Vietnam's New Corporate Income Tax Law
Vietnam has officially enacted a new Corporate Income Tax (CIT) law, which will come into effect in October 2025. Approved by the National Assembly on 14 June 2025, it will be implemented starting with the 2025 financial year. The reform underscores Vietnam's efforts to modernise its tax system, improve compliance, and encourage investment across various sectors.
Digital Economy Gains New Focus
Vietnam has broadened its tax regulations to cover the digital economy. The revised CIT law now includes more entities, such as foreign e-commerce companies and digital platforms earning income in Vietnam, as taxable. Since these platforms are regarded as a Permanent Establishment (PE) for tax purposes, their eligibility for treaty benefits might be affected. This change aligns Vietnam's tax policies with international standards, which tax digital activities based on where economic value is generated. This could impact large global tech firms operating within the country.
Significant Updates on Capital Gains and Offshore Investments
The new legislation introduces significant updates to capital gains taxes and regulations governing offshore investments. While initial drafts suggested a flat 2% tax on transfer prices, this was eliminated in the final version, with detailed rates to be determined later via regulations.
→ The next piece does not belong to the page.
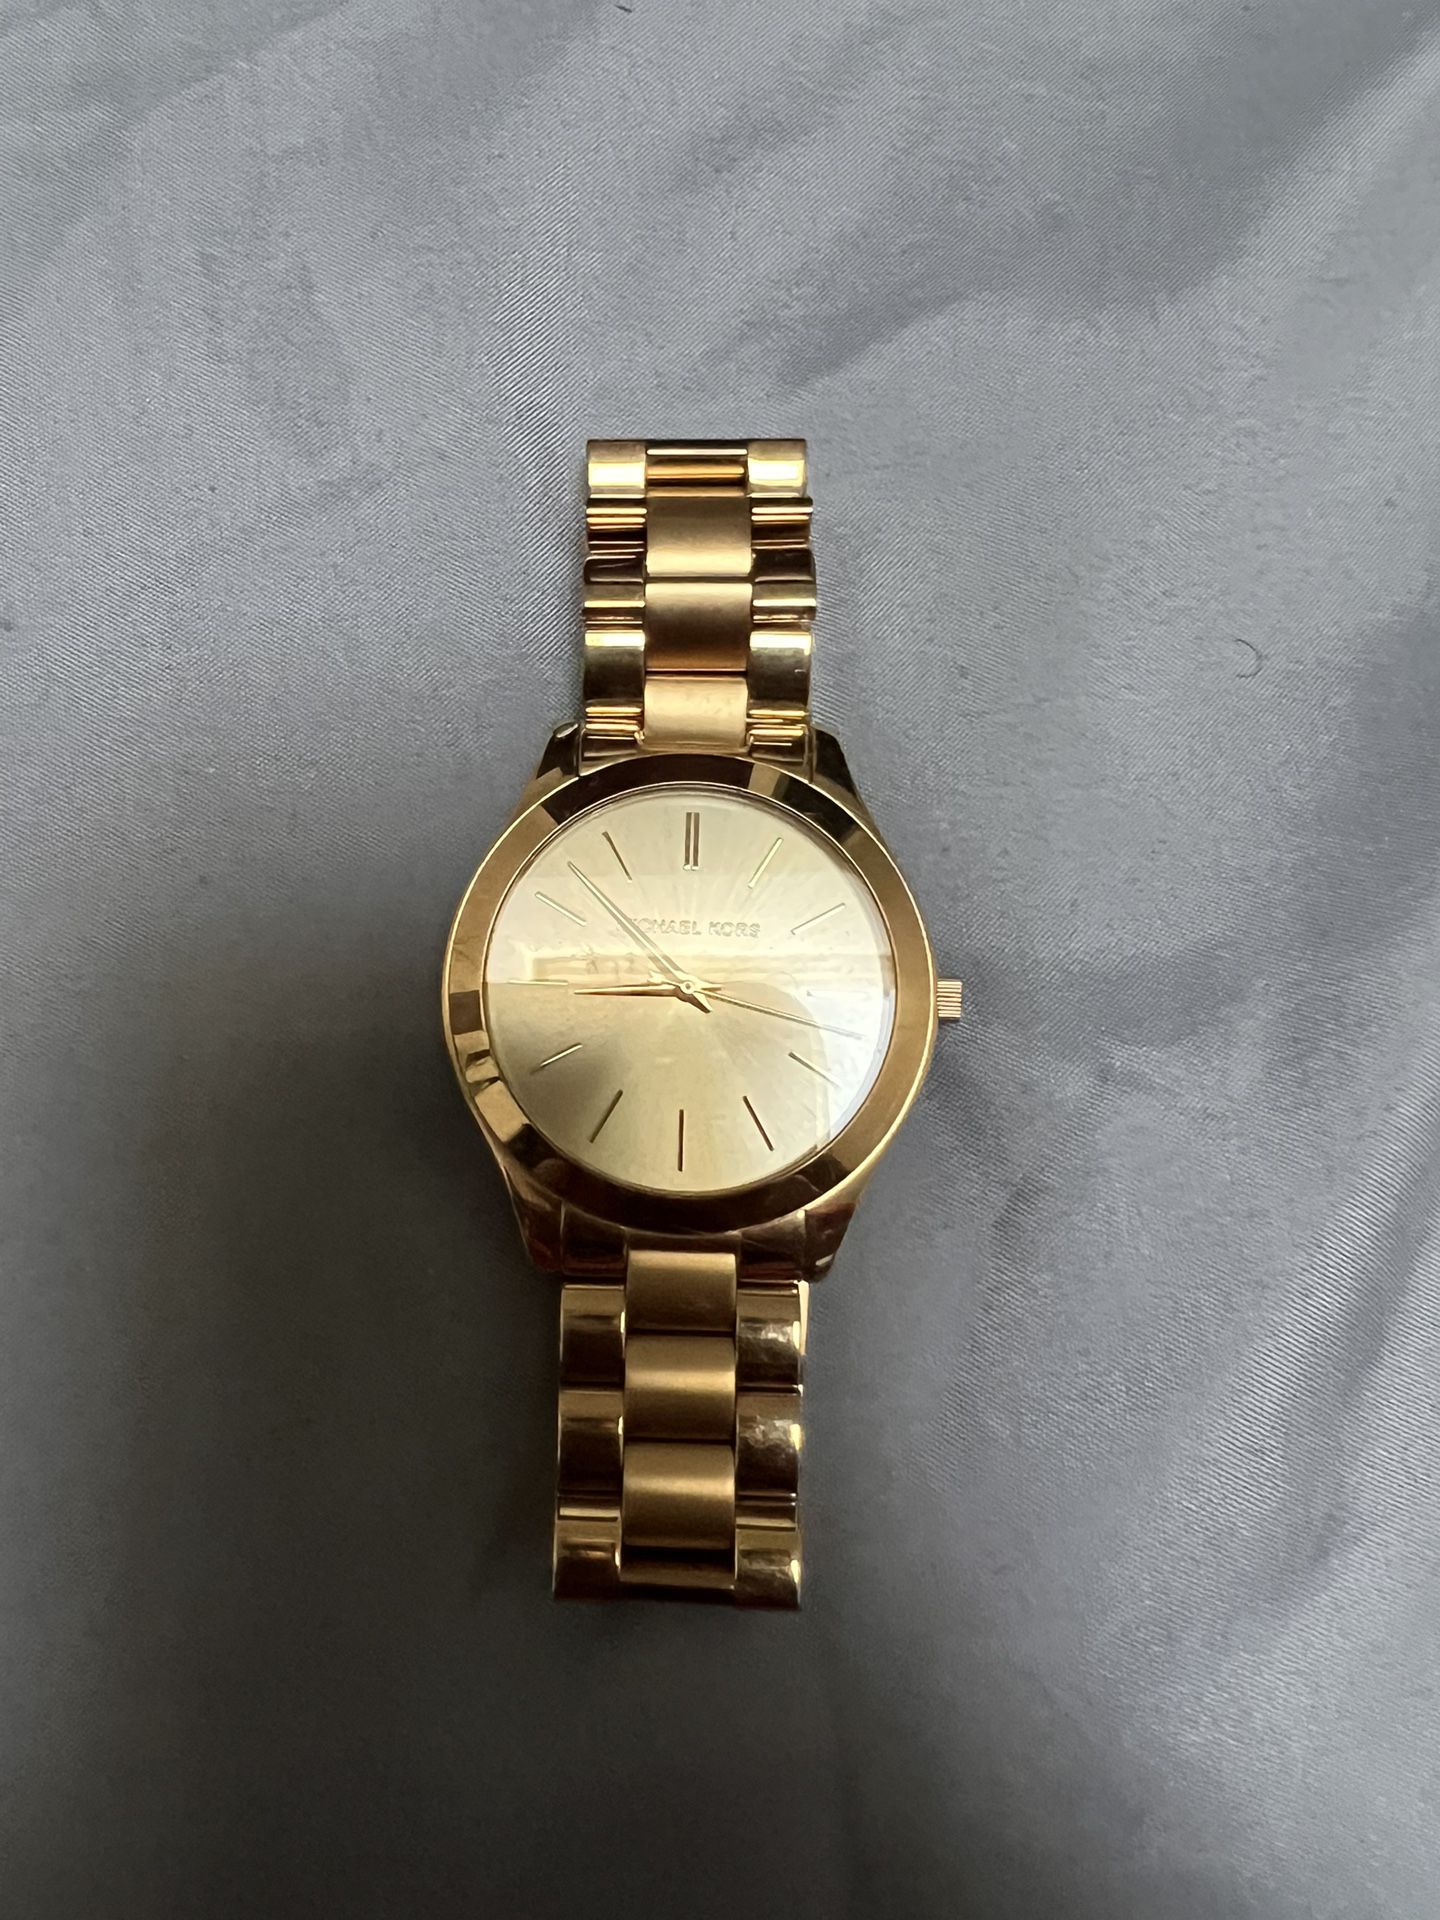 Gold Plated Michael Kors Watch for Sale in Brooklyn, NY - OfferUp

A significant change is that profits from foreign investments such as dividends or income from overseas subsidiaries—must now be reported and taxed in Vietnam in the year they are earned, regardless of whether they are repatriated or not. This change from the previous remittance-based system could cause businesses and investors to encounter tax obligations sooner.
Getting Ready for the Changes
Vietnamese businesses must prepare for imminent legislative updates. The upcoming laws offer benefits such as higher deductible expenses for ESG initiatives, digital transformation, and infrastructure projects, along with more adaptable loss offset options. Firms should assess their exit strategies, revisit offshore investment structures, and verify that their digital operations adhere to regulations that may now result in direct taxes in Vietnam. As the implementation date nears, proactive planning is crucial to navigate this evolving tax environment successfully.